Friday 3 February 2023

AZ Model 1:72 Martin-Baker MB 5 - greatest prop fighter and worst-ever 72nd kit !

 







" .. The M.B.5 came online at the beginning of the jet era, and never had a chance to prove its worth. With a P-51 sleekness and contra-rotating props, it would have been a frightful opponent for the Luftwaffe. Test-flown just two months before the Gloster Meteor jets went into R.A.F. service, the Martin-Baker M.B.5 promised much, but Whittle's invention took away its glory..."
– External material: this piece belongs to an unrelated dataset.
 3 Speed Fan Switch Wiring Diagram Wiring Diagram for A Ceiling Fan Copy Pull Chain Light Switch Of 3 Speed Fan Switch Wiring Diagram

Some six years after AZ's kit of the MB 5 first appeared I thought I'd build it, inspired by the neat article on Martin-Baker aircraft in the latest issue of Aerojournal magazine (issue no. 91). Aside from this there is good reference info in Air International, Vol. 16/2 (February 1979) and 'Wings of Fame', Vol. 9, 1997 which covers the whole MB fighter range and has some useful shots.
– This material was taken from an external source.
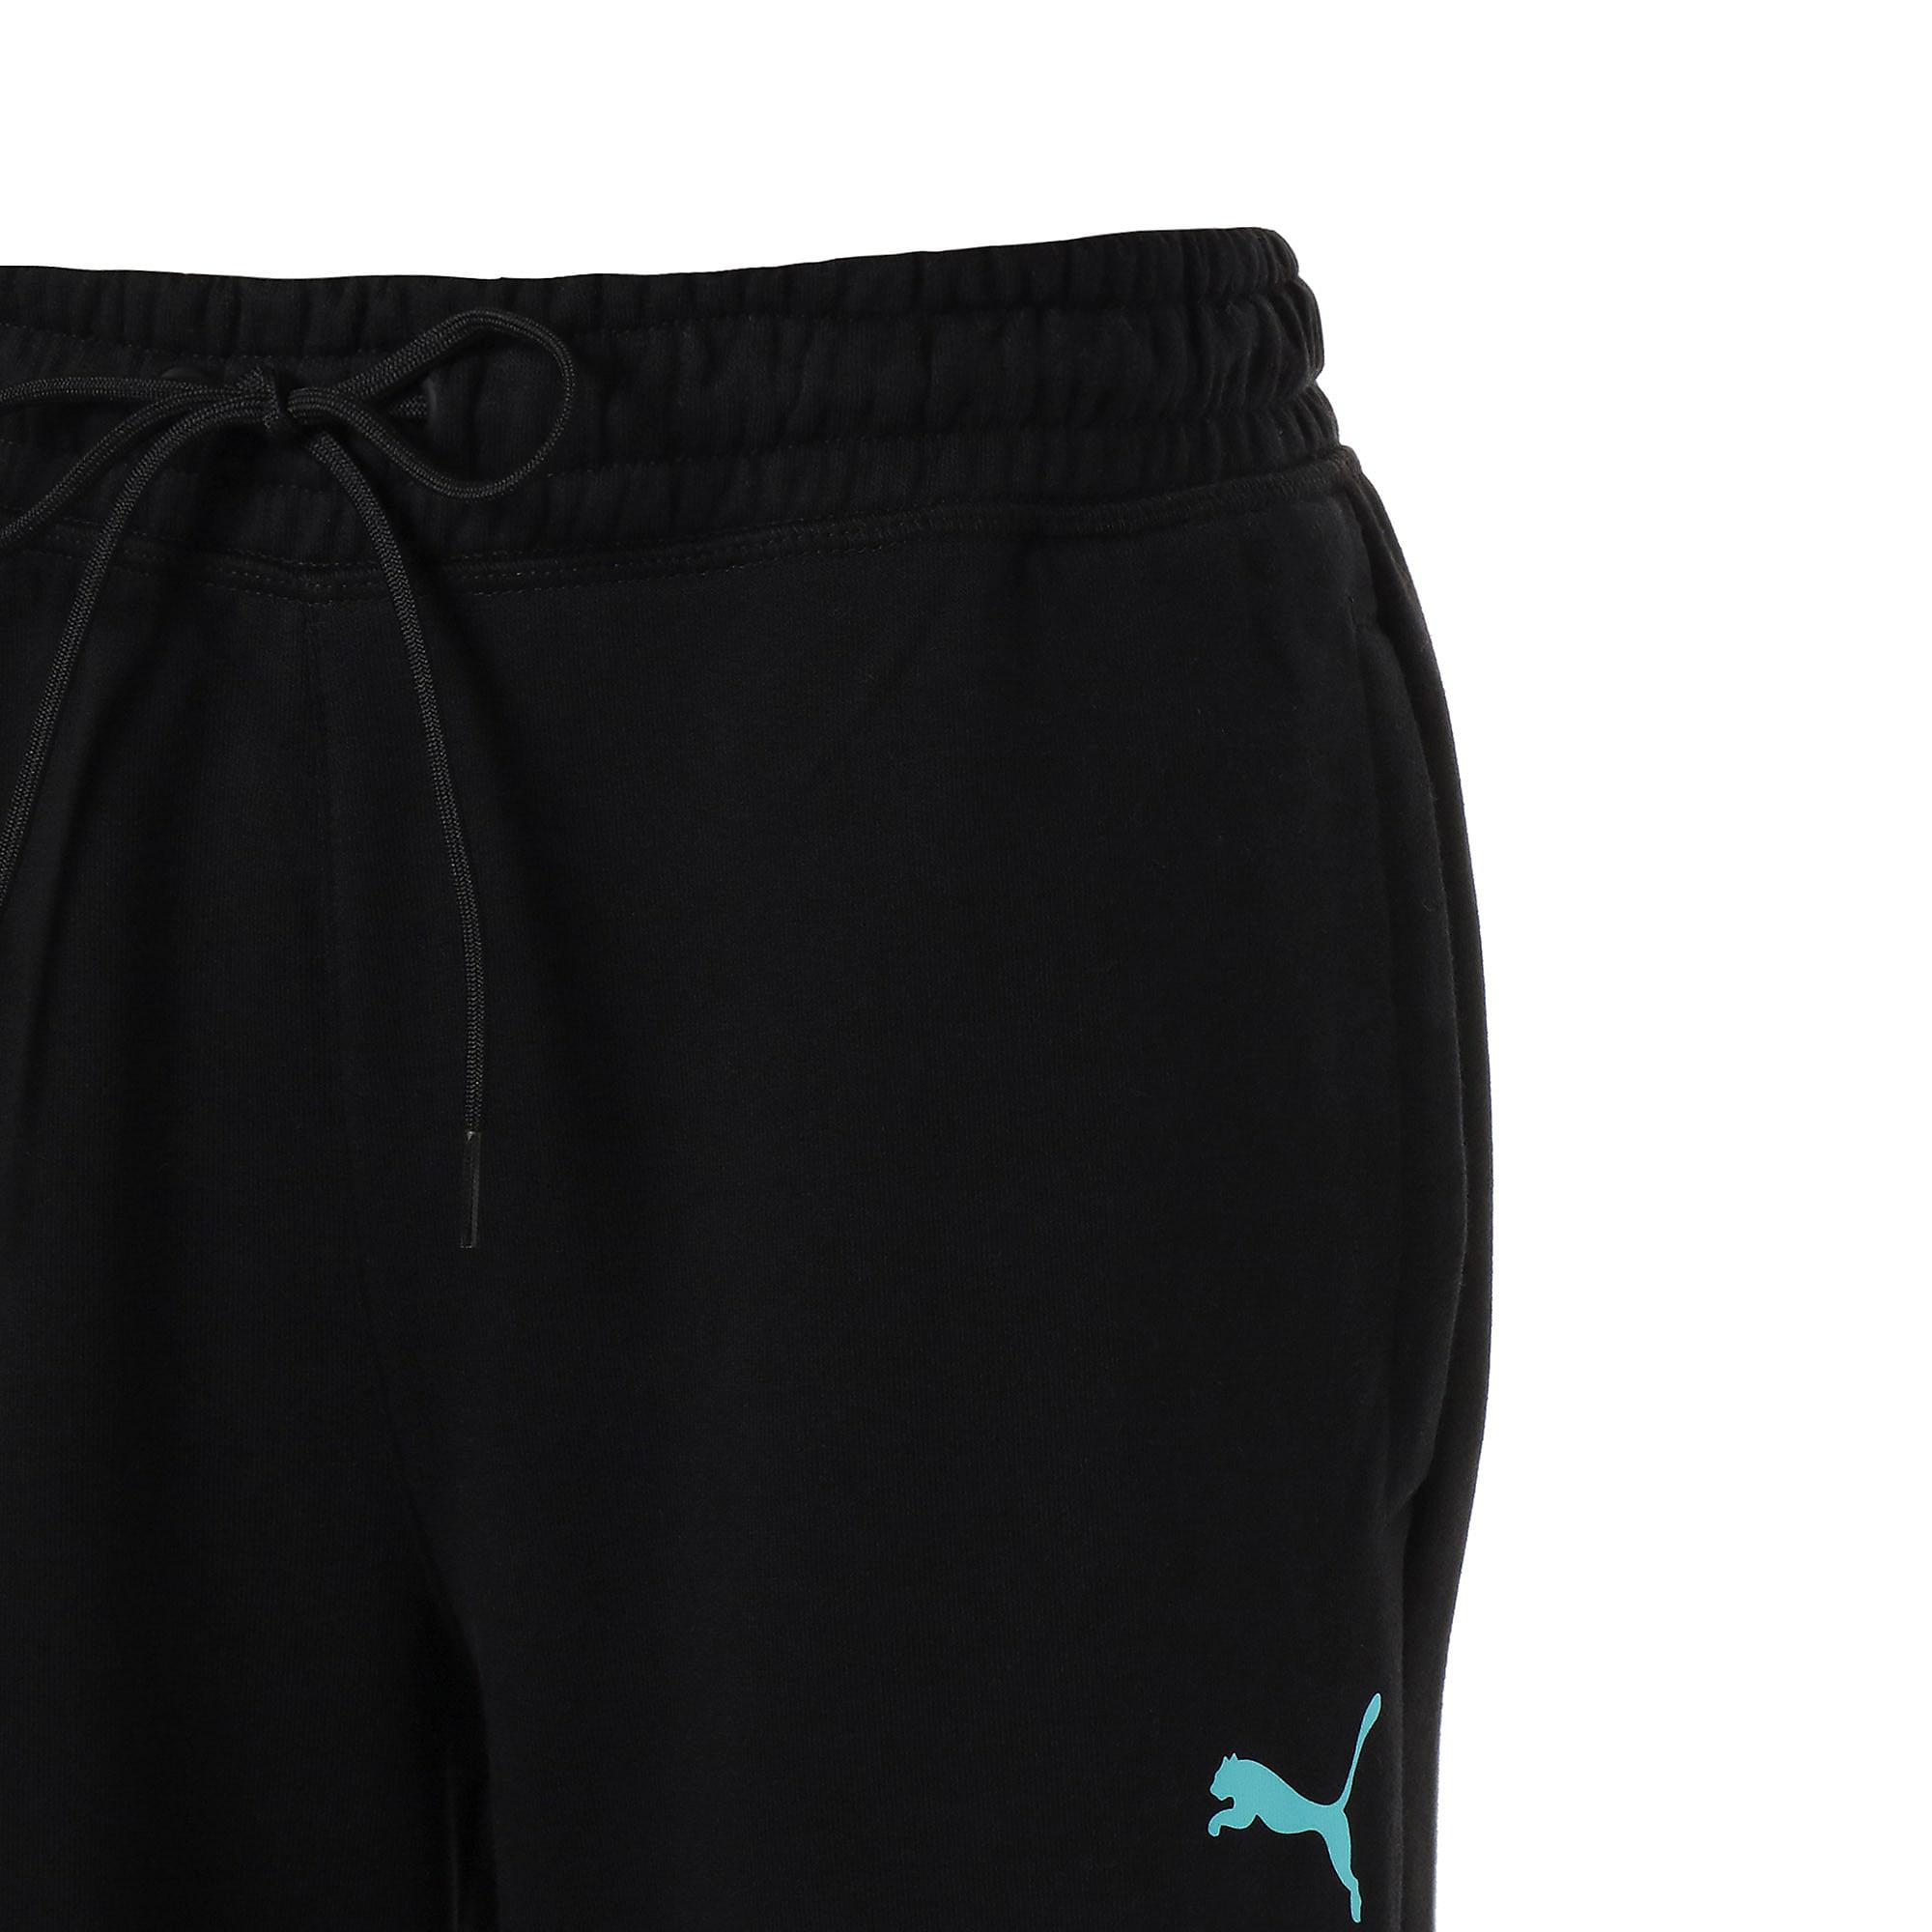 Thumbnail 4 of MCS POOL TRACK PANTS, Puma Black, medium-JPN

On with the build! Aside from the rear cockpit bulkhead, the interior parts were an OK fit. The instrument panel features nice raised detail that would benefit from careful painting and dry brushing to lift out the detail. Then the fun began! The fuselage halves were of different sizes. I lined up the upper surfaces and was left with a depression ahead of the radiator on the lower surface. The nose intake is 'solid' so was drilled open. 




The poor fit extended to the butt-joined wing halves. I drilled and pinned them to the fuselage but just couldn't achieve a decent fit. In the end I broke them off and stuck them together with Gorilla glue and filled the gaps. After a mammoth filing and sanding session I achieved a (sort of) reasonable result. Obviously I obliterated all the nice surface detailing and had to re-scribe - not my favourite job!

 Another tricky area is the ventral oil cooler intake. It is made up of 3 parts; a top half, a bottom half, and a cruciform grid that fits between them. The instructions are pretty hopeless here. Instead of assembling separate to the fuselage, I assembled the parts individually in-situ, and this worked well. Some clean up required, but not that much..

To get the gear legs on at what looks like a plausible angle is a trial. Rather than take a bit out of the front edge of the main landing gear bays - having already painted the undersurfaces -  I ended up re-drilling a location hole for them a little further back in the bay. The model simply doesn't look right in this area and certainly won't if built as per the instructions. The prop blades/spinner feature a mountain of flash and I didn't enjoy the clean-up job as the plastic that AZ use is so hard. 

Needless to say the rather thick bubble canopy didn't fit at all. I cut it into two parts so I wasn't left with massive gaps but its impossible to fit it 'properly' as it is too wide for the fuselage! Nor did the decals work - I lost one of the codes as it rolled up on itself and then 'shattered' into tiny pieces. Irretrieveably. 






 
The kit is 'short-run limited technology' - and pretty poor! It goes together like the 1958 vintage Airfix DH 88 Comet (see elsewhere on this blog)  ie with great difficulty!  To sum up the kit gets a poor 2 out 10 from me and is easily a contender in the 'worst scale model kit ever' Top 10, a subject we dealt with in a previous blog post (see link below). I certainly wouldn't build another. Short run shouldn't mean unbuildable and inaccurate- it certainly doesn't with other kit producers (RS Models for example). Okay, I managed to finish it - always a positive point - but really, I'm not sure why I bothered. Even now I still think the overall shape is 'wrong'.